Your objective:
In the copy, keep every word of the data below and none of its pictures.

Raw data:
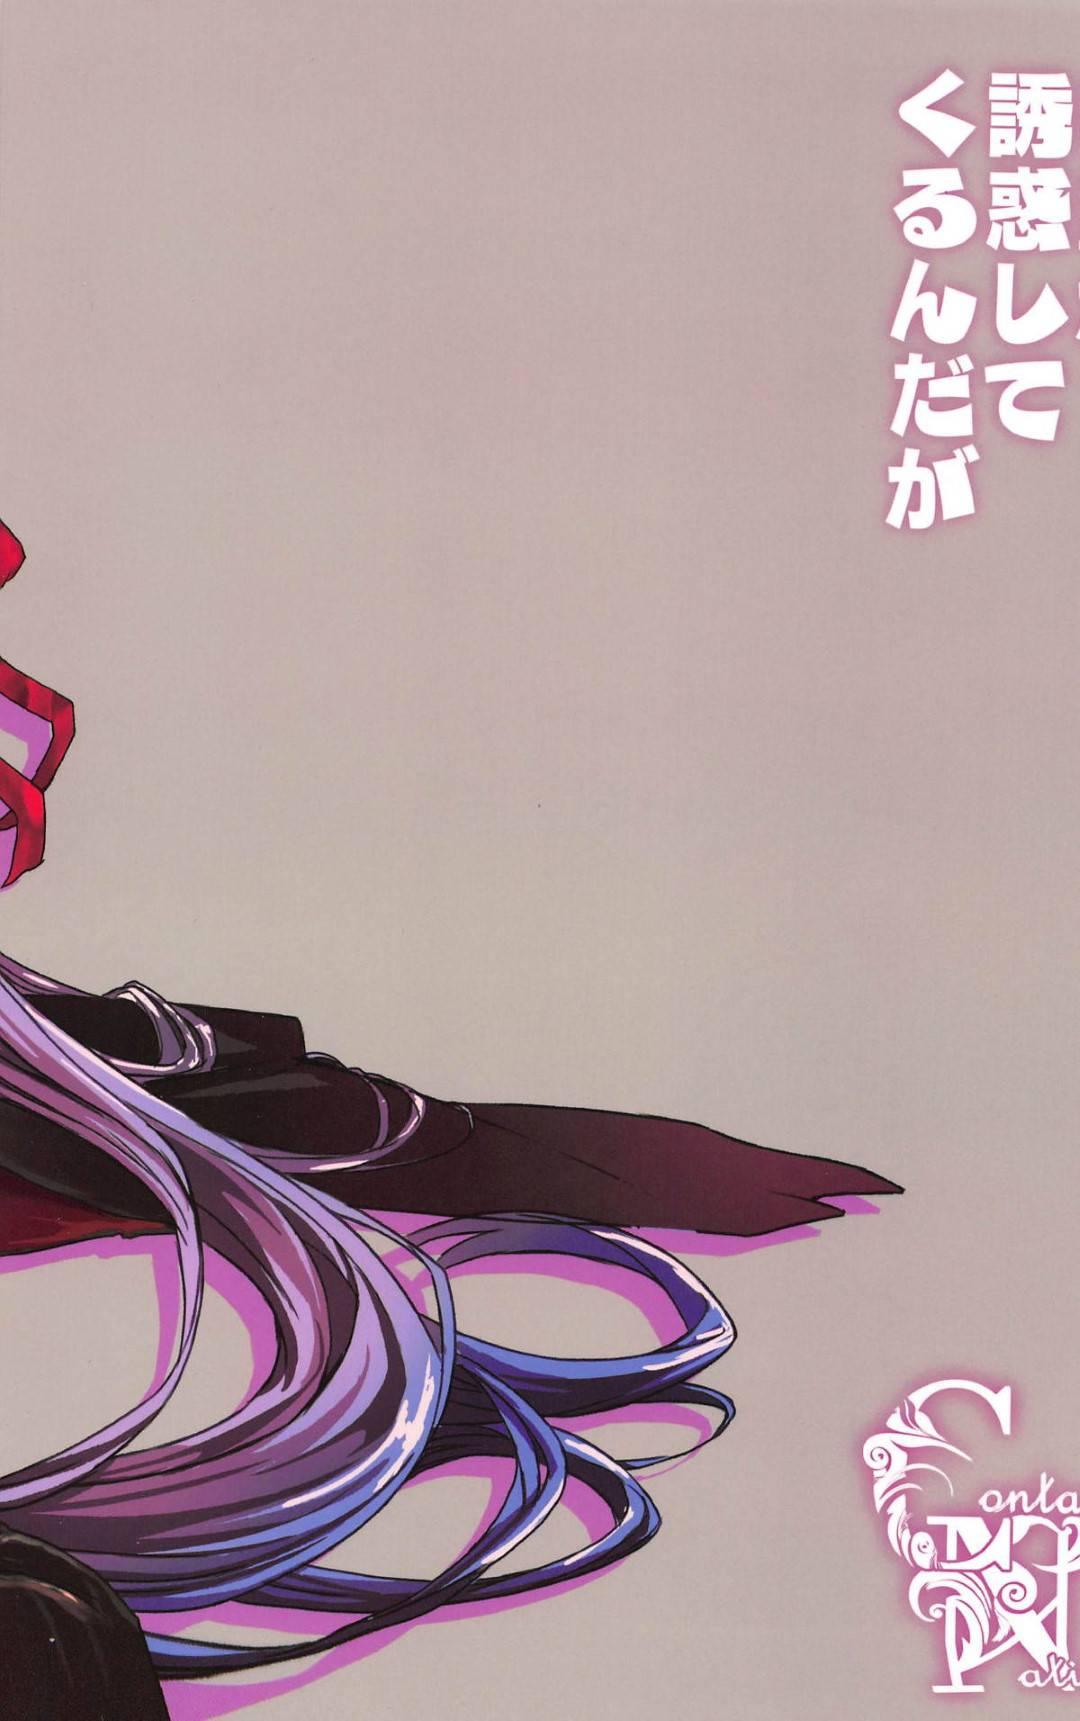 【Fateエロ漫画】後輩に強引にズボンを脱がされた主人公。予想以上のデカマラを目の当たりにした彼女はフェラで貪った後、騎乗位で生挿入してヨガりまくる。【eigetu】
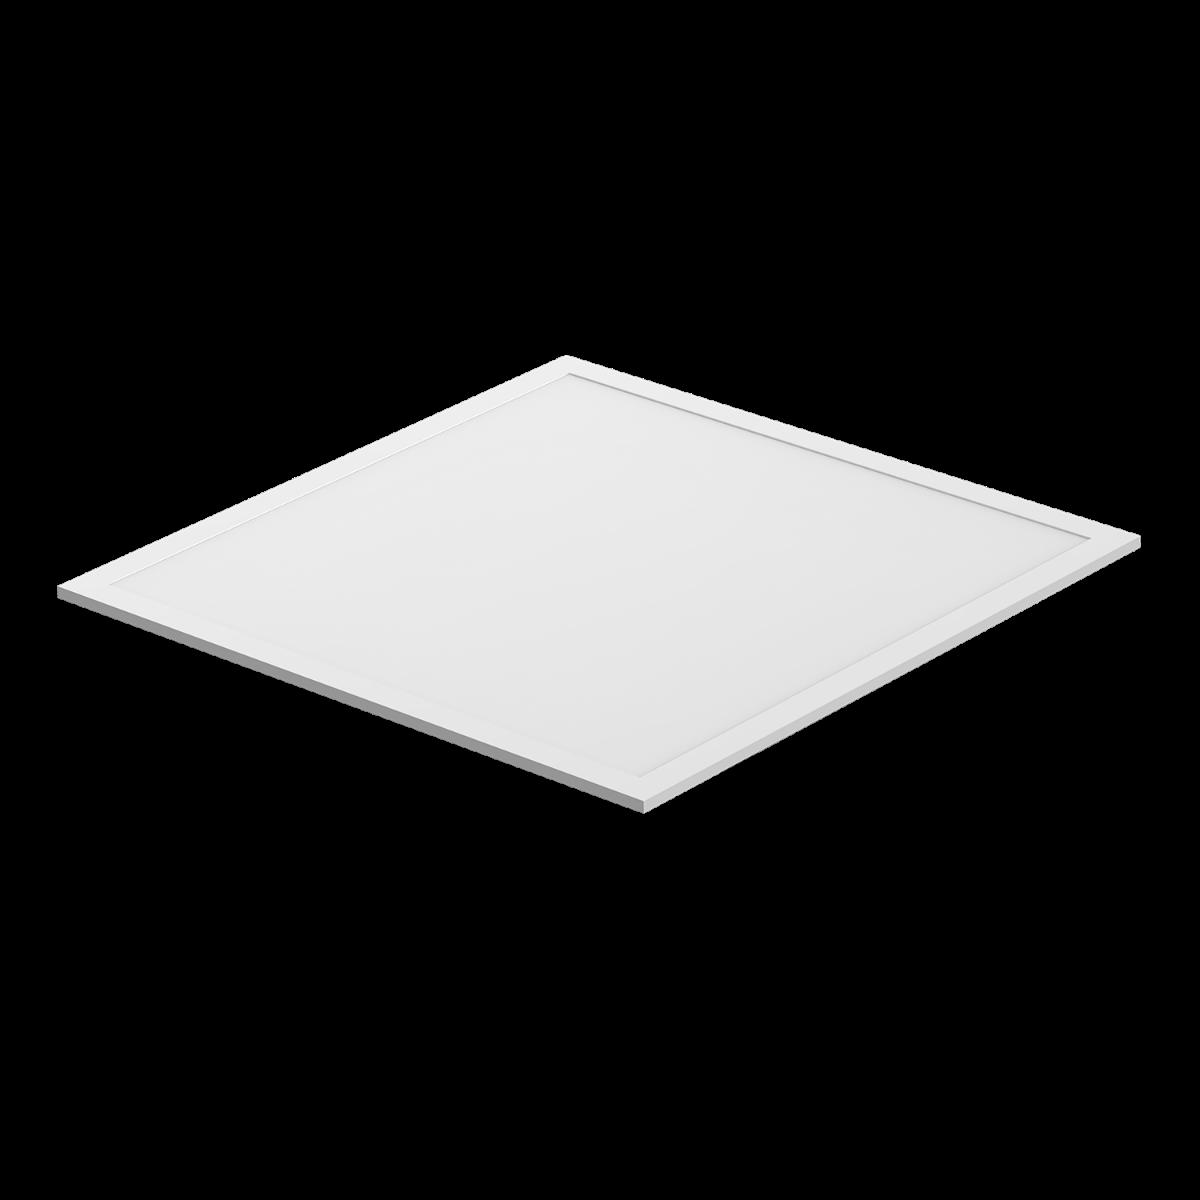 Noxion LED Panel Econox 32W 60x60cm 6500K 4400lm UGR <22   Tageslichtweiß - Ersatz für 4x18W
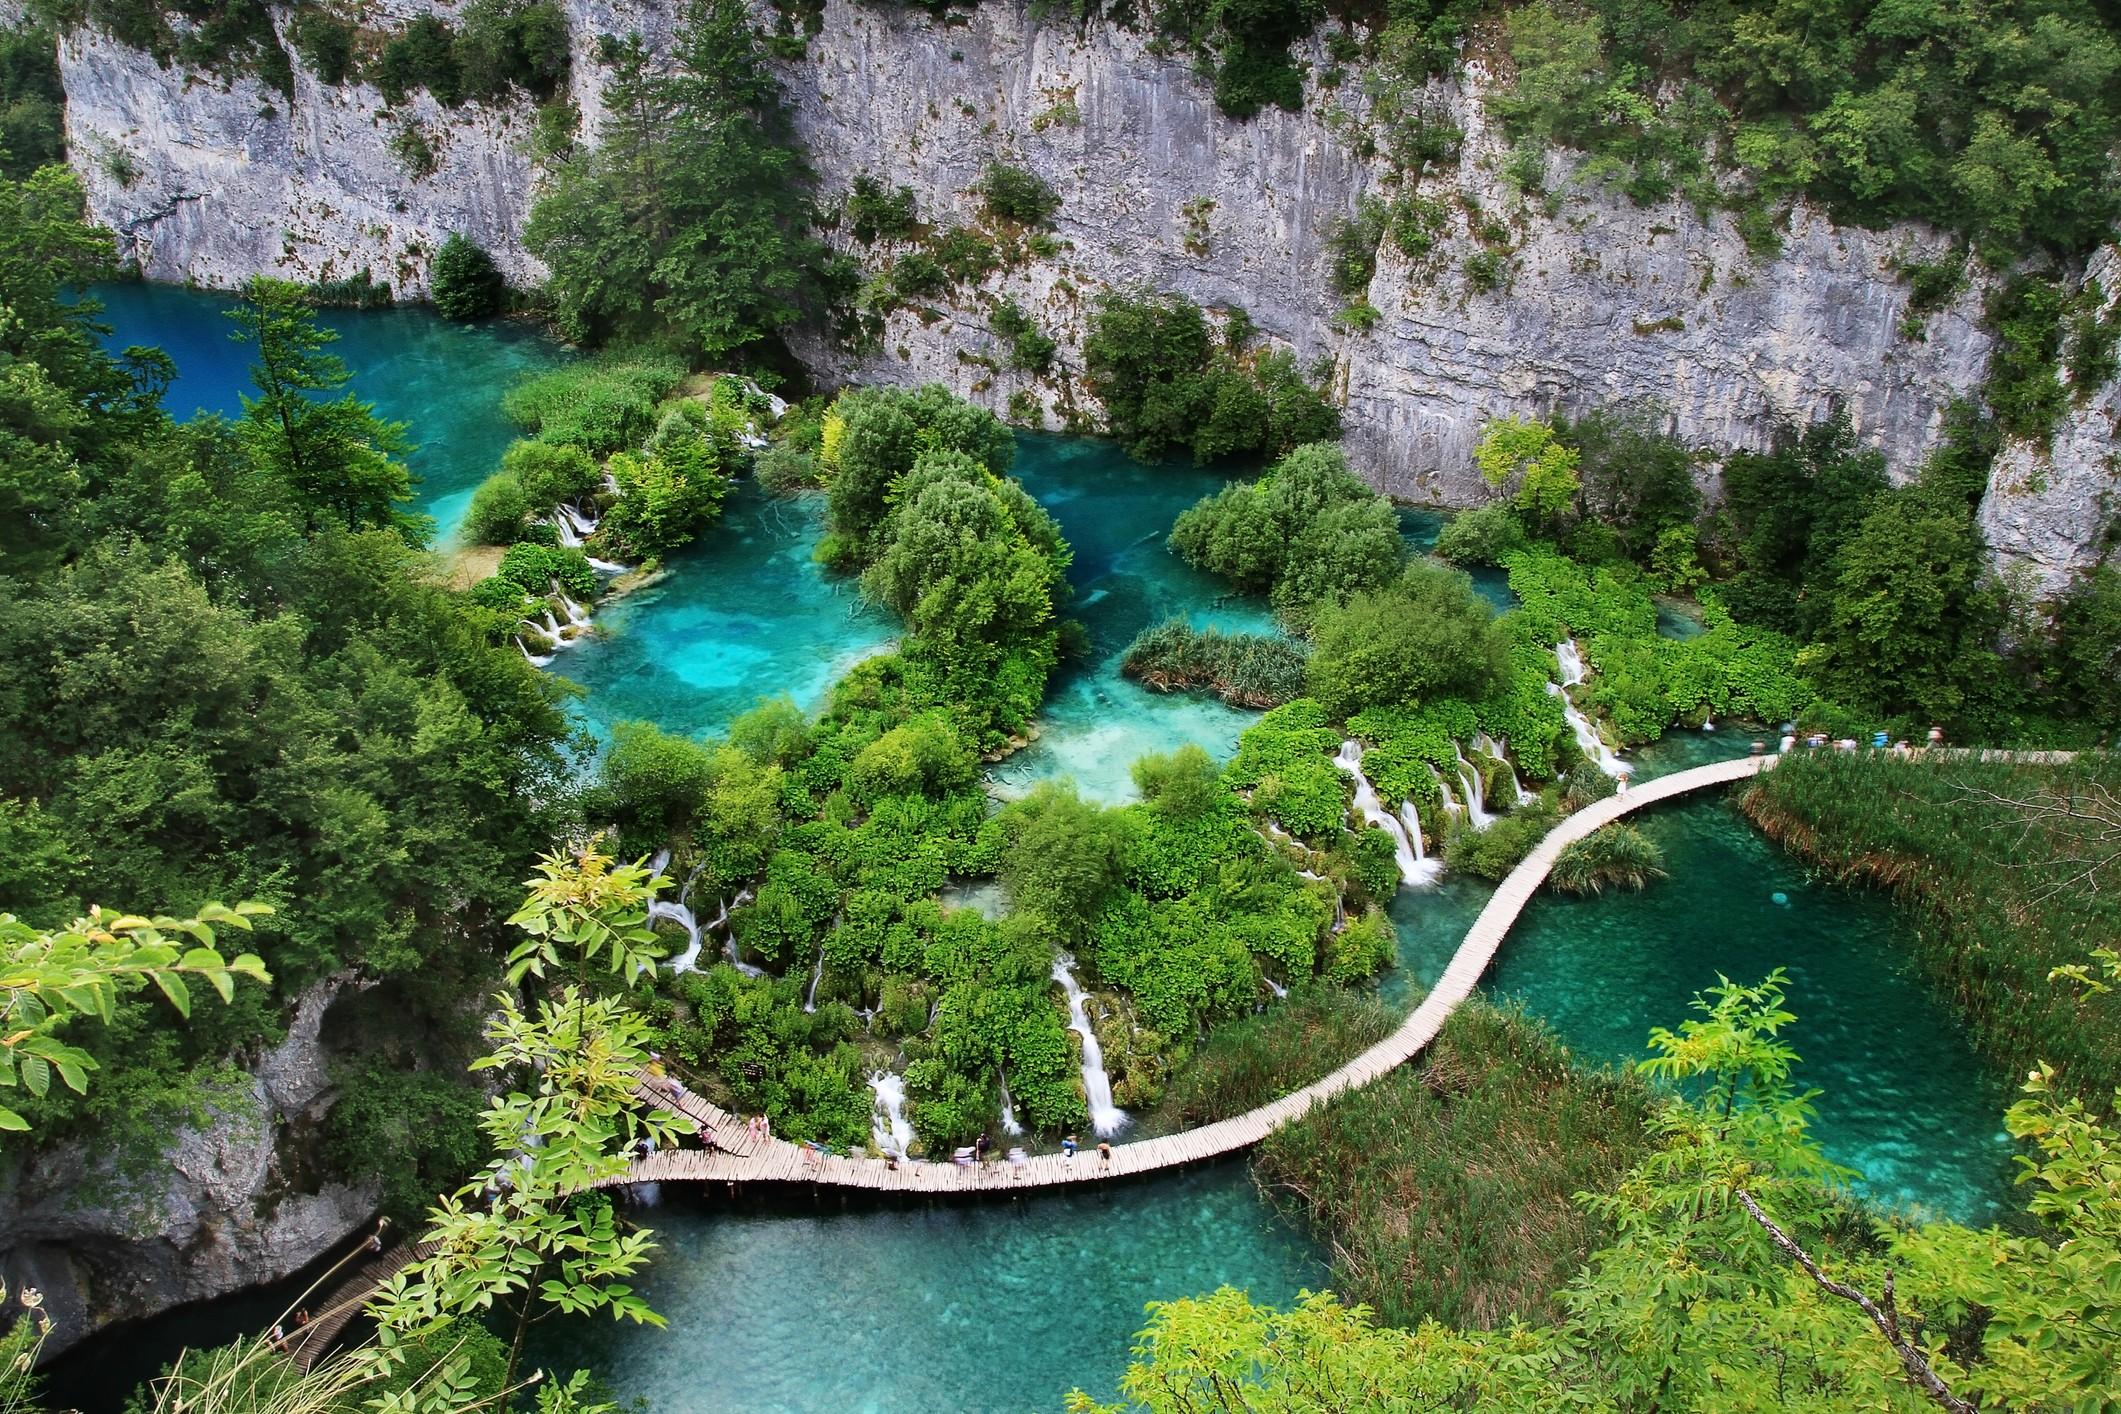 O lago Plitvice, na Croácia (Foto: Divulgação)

Output of the exercise:
 【Fateエロ漫画】後輩に強引にズボンを脱がされた主人公。予想以上のデカマラを目の当たりにした彼女はフェラで貪った後、騎乗位で生挿入してヨガりまくる。【eigetu】
 Noxion LED Panel Econox 32W 60x60cm 6500K 4400lm UGR <22   Tageslichtweiß - Ersatz für 4x18W
 O lago Plitvice, na Croácia (Foto: Divulgação)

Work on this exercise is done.